Who is your go to SA?


----------



## SanAntone (May 10, 2020)

Barbebleu said:


> Who is your go to SA?


Schiff. But there are new versions coming out almost every month and I will listen to each one for a week or so. Some stick, like Beatrice Rana, or Jeremy Denk.


----------



## BrahmsWasAGreatMelodist (Jan 13, 2019)

Probably the '55 version. Less indulgent. In terms of "maturity", the music speaks for itself.


----------



## 59540 (May 16, 2021)

I think maybe he should've made a recording in the late 60s or thereabouts to be a middle ground between the two. The first in 55 was mostly too fast for my tastes and repeats were not observed; the 81 tends to be a little too quirky and wallowy sometimes. But I think they're both fascinating to listen to, as Gould always is.

I think also in the 55 he follows the Kirkpatrick edition pretty much note for note while the second recording is more eclectic.


----------



## Barbebleu (May 17, 2015)

SanAntone said:


> Schiff. But there are new versions coming out almost every month and I will listen to each one for a week or so. Some stick, like Beatrice Rana, or Jeremy Denk.


I certainly agree with regards to Rana. Super stuff.


----------



## wkasimer (Jun 5, 2017)

benji said:


> How do you feel they are different and does anyone prefer the '55 version over the '81?

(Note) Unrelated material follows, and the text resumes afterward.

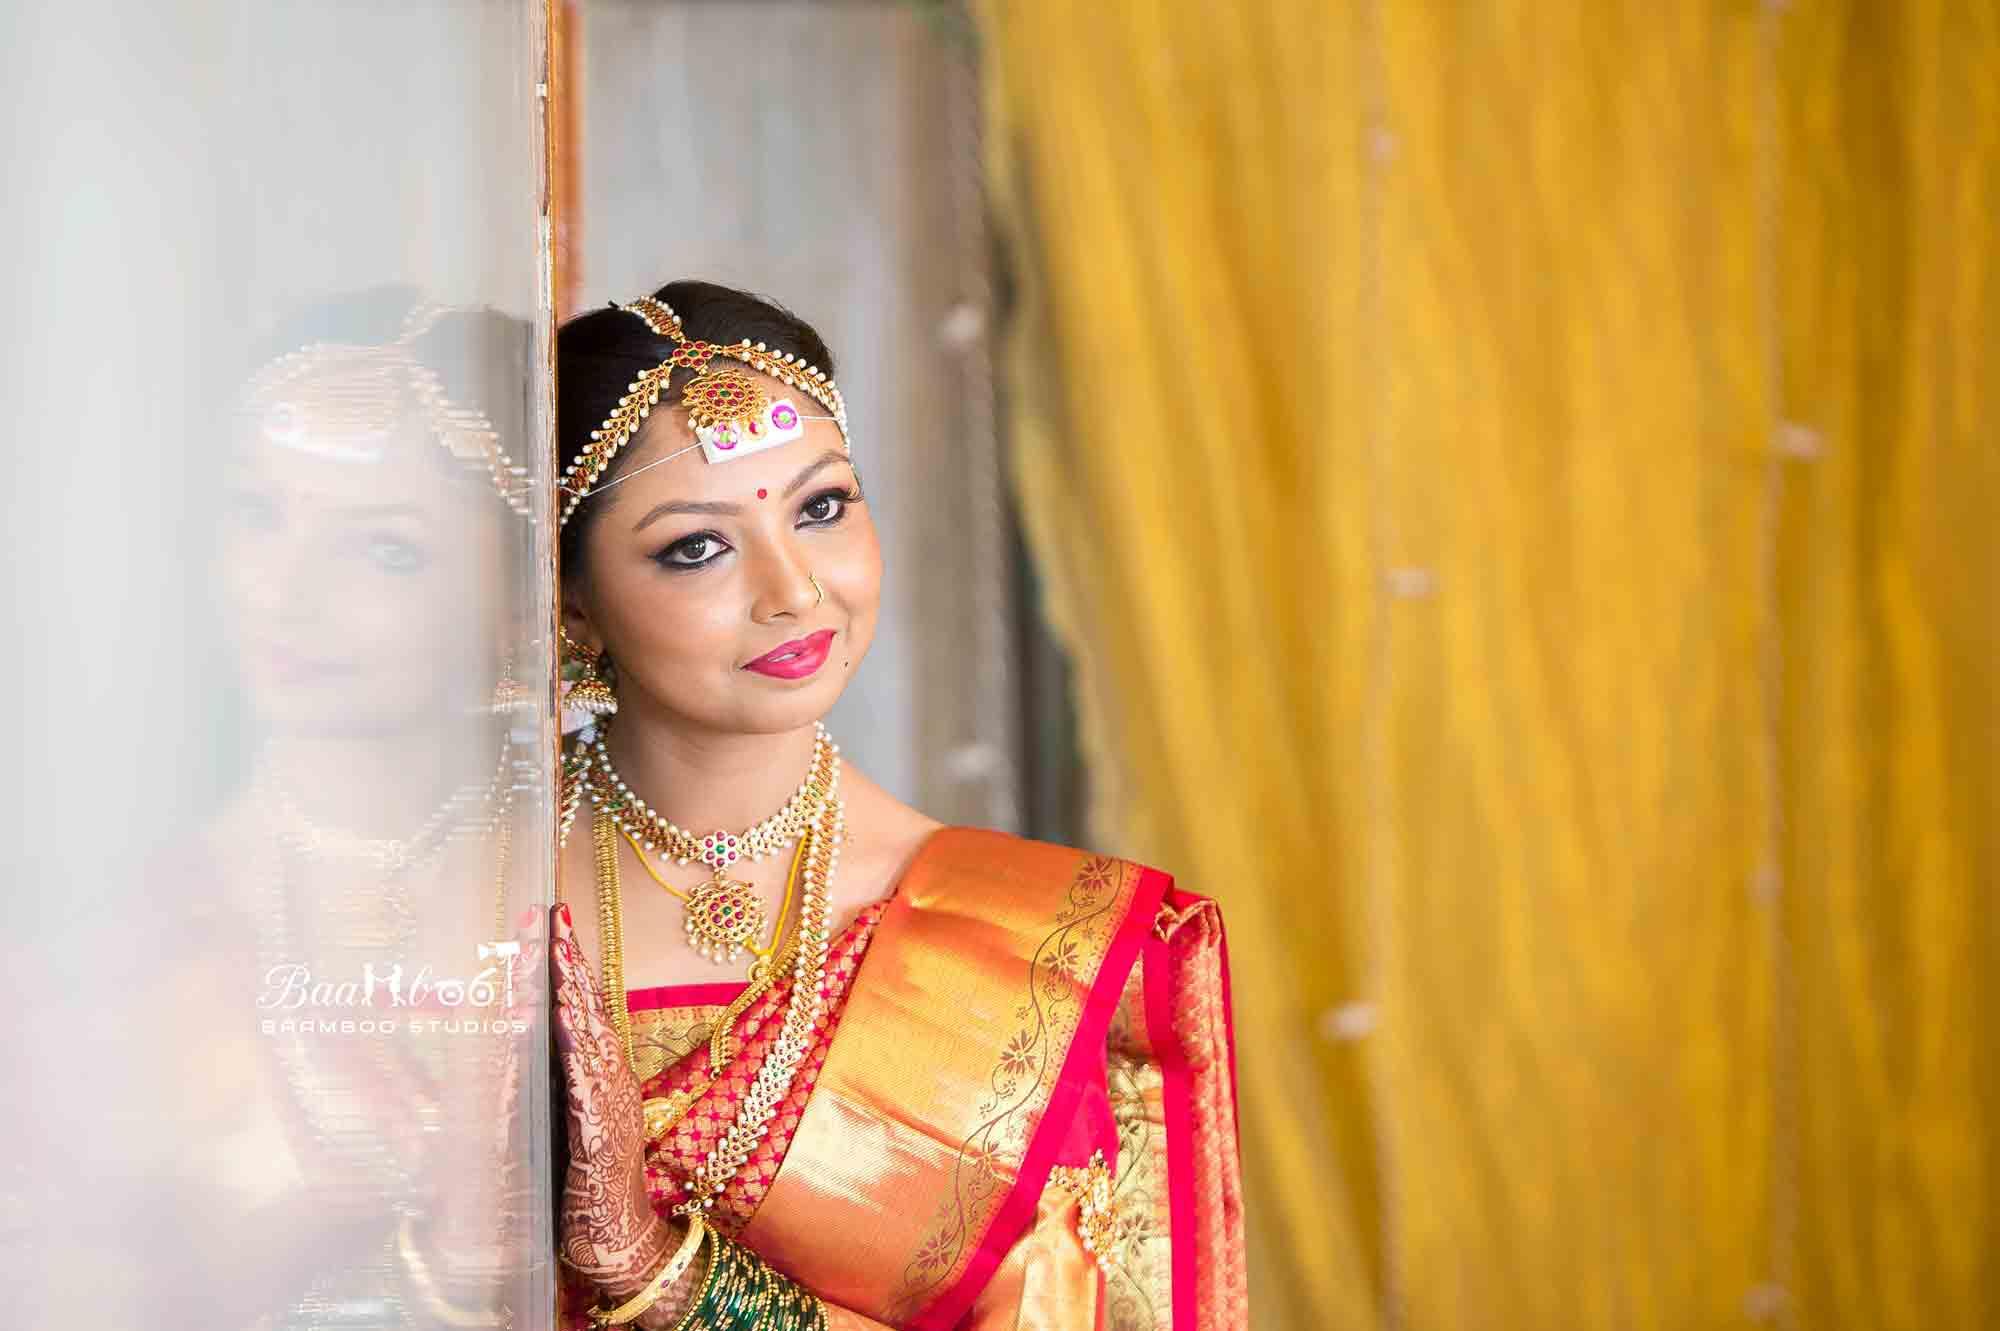 Prasanna & Mythri

I dislike both equally, and haven't listened to either in a couple of decades.


----------



## premont (May 7, 2015)

wkasimer said:


> I dislike both equally, and haven't listened to either in a couple of decades.


True of me as well.


----------



## 59540 (May 16, 2021)

premont said:


> True of me as well.


Well I have (only) 3 recordings of the GV, one on harpsichord and two on piano. None of them are by Gould. Actually I don't have any Gould recordings at all, come to think of it.


----------



## Kreisler jr (Apr 21, 2021)

dissident said:


> I think maybe he should've made a recording in the late 60s or thereabouts to be a middle ground between the two.

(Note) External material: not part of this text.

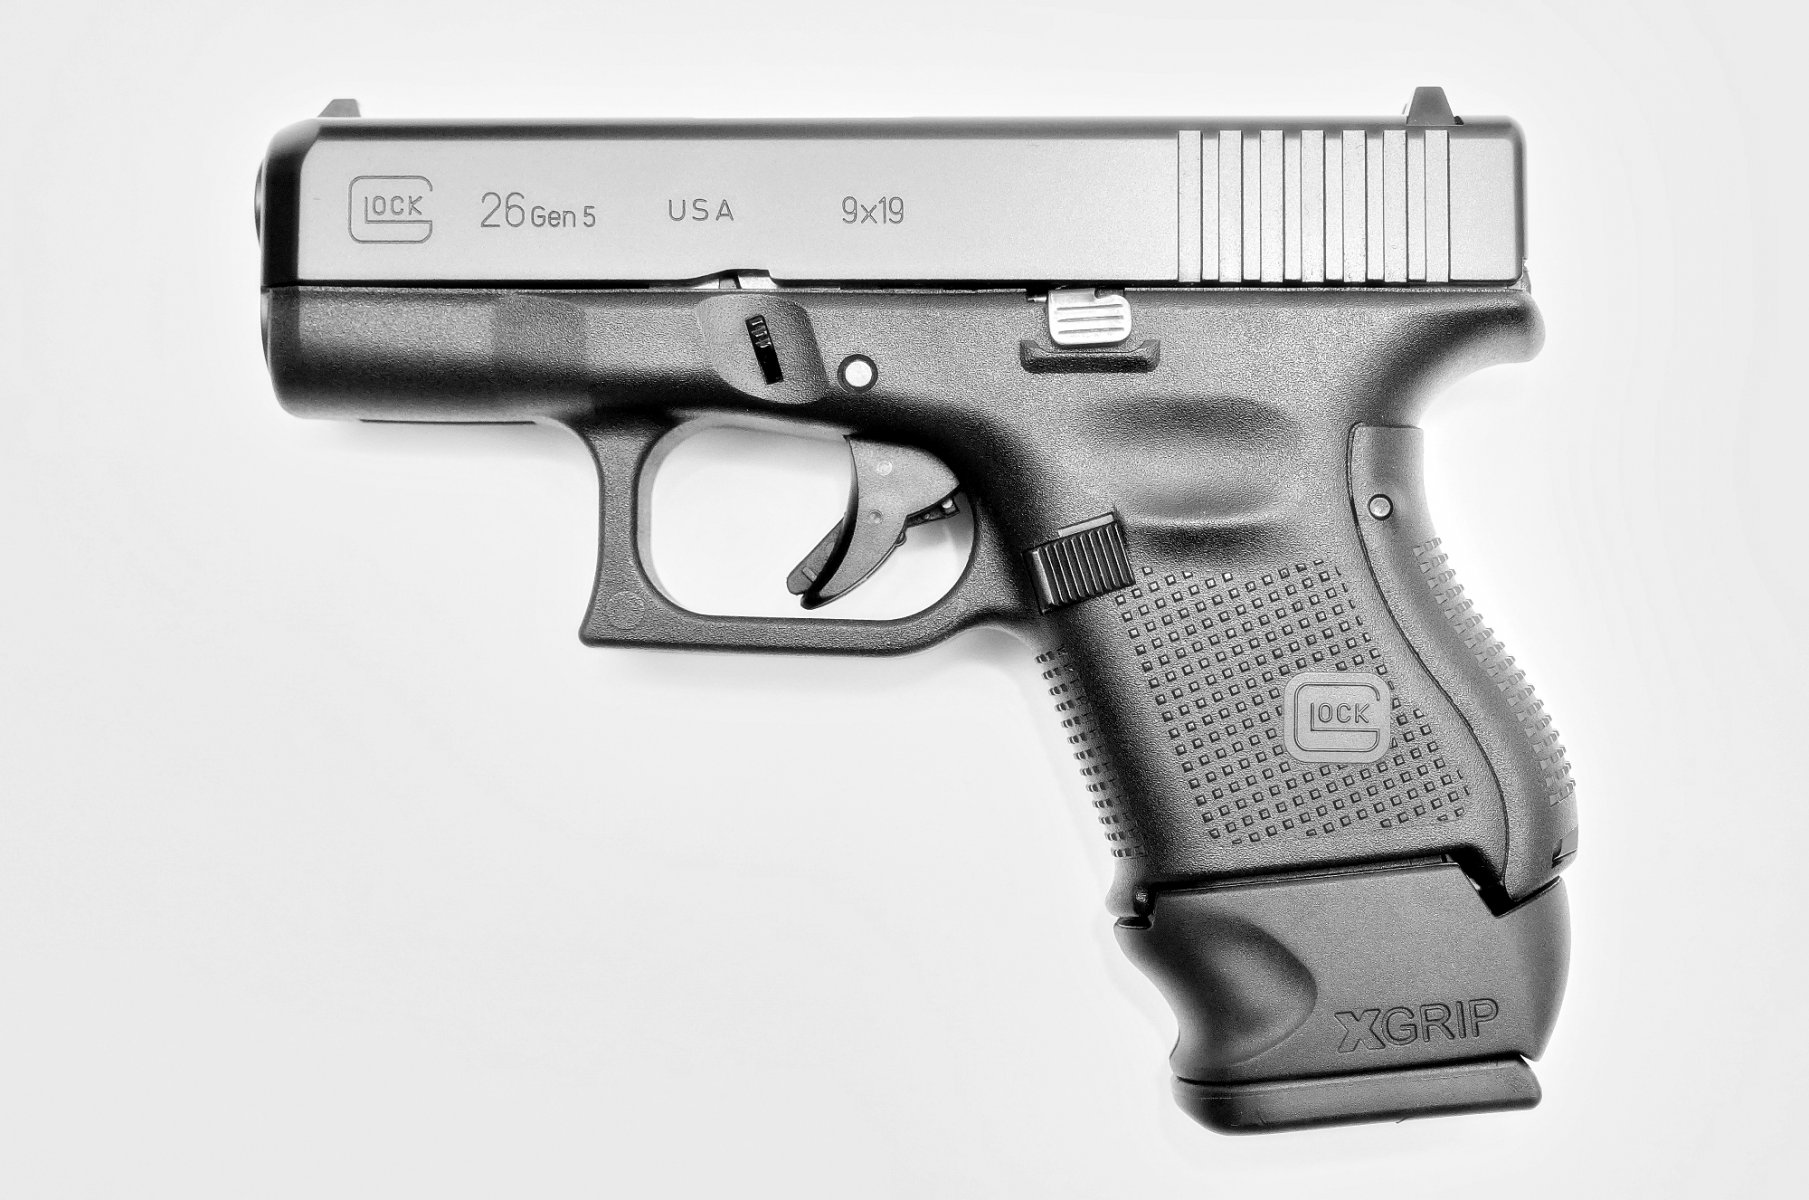 Glock26Gen5G19XGrip.JPG

The Salzburg 1958 live recording is pretty close to that "golden middle ground" despite being historically so close to the 1955 studio.


----------



## JTS (Sep 26, 2021)

Kreisler jr said:


> The Salzburg 1958 live recording is pretty close to that "golden middle ground" despite being historically so close to the 1955 studio.

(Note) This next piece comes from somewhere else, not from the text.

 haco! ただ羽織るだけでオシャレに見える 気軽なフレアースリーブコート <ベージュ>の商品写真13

I have all three from 55, 58 and 81. There are quite remarkable performances. Just makes one regret that GG gave up performing in front of a live audience. There was no one quite like him even though some of his interpretations were wild beyond beyond reason.


----------



## 59540 (May 16, 2021)

^ Thanks to both for bringing up the 58 performance. I've honestly never heard it. I'll have to give it a listen.


----------



## Kreisler jr (Apr 21, 2021)

I actually don't own the 1955 but I have heard it (a long time ago). I got to know the piece via the 1981; the disc I borrowed from a friend had the piece as one track, I think... and it is probably the recording of the piece I have heard the most. But the 1959 (sic! is there another one rom 1958?, I meant Salzburg 25th of August 1959 on Sony SMK 52685 + 3 part inventions from Moscow 1957) is also quite special and less "mannered" than the late one.


----------



## 59540 (May 16, 2021)

Kreisler jr said:


> I actually don't own the 1955 but I have heard it (a long time ago). I got to know the piece via the 1981; the disc I borrowed from a friend had the piece as one track, I think... and it is probably the recording of the piece I have heard the most. But the 1959 (sic! is there another one rom 1958?, I meant Salzburg 25th of August 1959 on Sony SMK 52685 + 3 part inventions from Moscow 1957) is also quite special and less "mannered" than the late one.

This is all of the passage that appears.